CMS finalized its list of best-practice standards for in-home health risk assessments (“HRAs”) and again encouraged MA plans to adopt and comply with them. In addition, CMS will track and analyze care provision following in-home visits in CY 2015 in order to ensure that HRAs are not being used for purposes of collecting diagnoses without providing appropriate follow-up care. CMS, again, refrained from finalizing its proposal to exclude, for payment purposes, diagnoses collected from HRAs that were not confirmed by a subsequent clinical encounter.

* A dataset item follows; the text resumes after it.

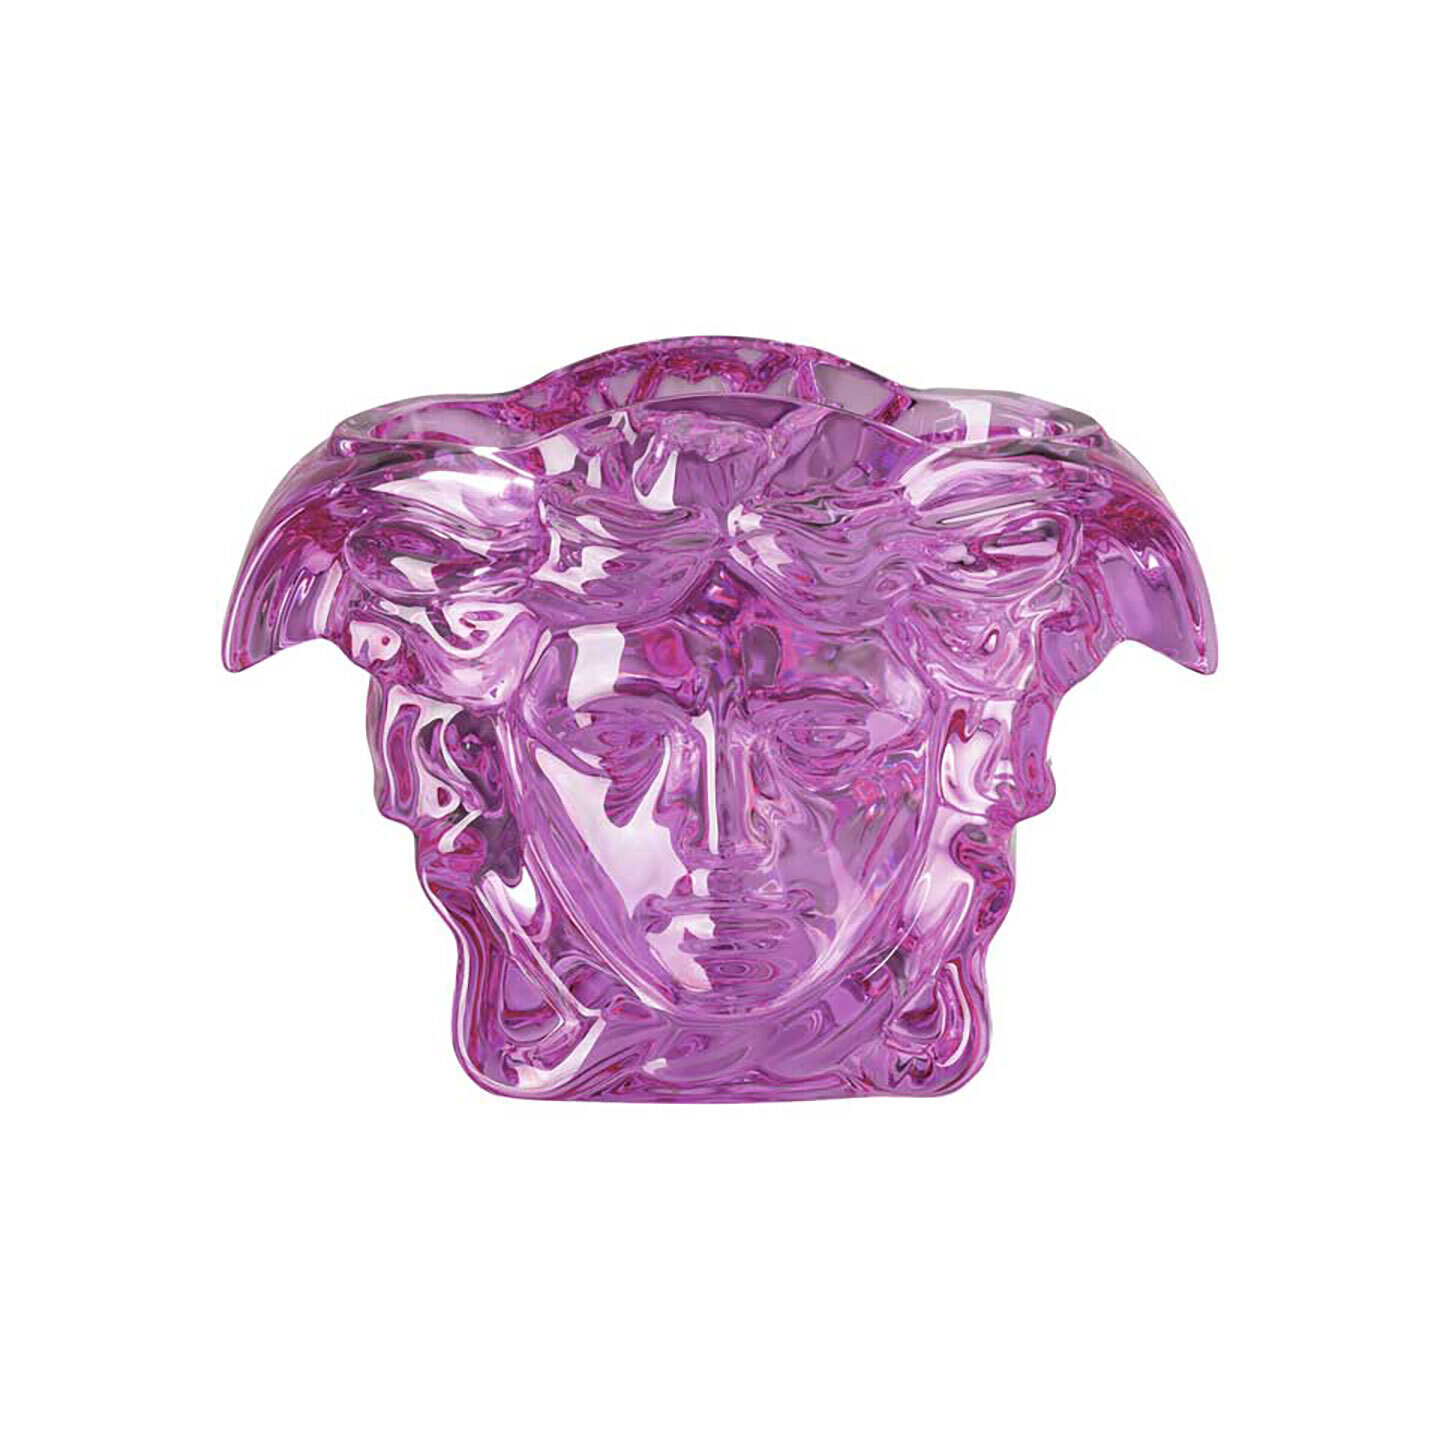 Versace Medusa Grande Vase Crystal Pink 7 1/2 Inch

Standardized Initial Health Assessments

Under the MA statute, MA plans are required to conduct an initial assessment of each Medicare beneficiary’s health needs within 90 days of enrollment in the chosen MA plan. In the Call Letter, CMS noted that, while the initial assessments are not required to contain standardized components, it “strongly encourages” plans to incorporate components for the Centers for Disease Control and Prevention (“CDC”) Model HRA, as well as other elements, to address the needs of plan enrollees.

Value-Based Contracting

CMS will be reaching out to MA plans to address the extent to which they are using physician incentive payments and value-based contracting. Through this initiative, CMS will be seeking MA plans’ voluntary participation in discussions about the ways to advance innovative payments models. This initiative follows upon the January 2015 announcement by Sylvia Matthews Burwell, Secretary of the Department of Health and Human Services, which described the Obama administration’s initiative to base Medicare and other health care system payments on the quality rather than the quantity of care provided.[4]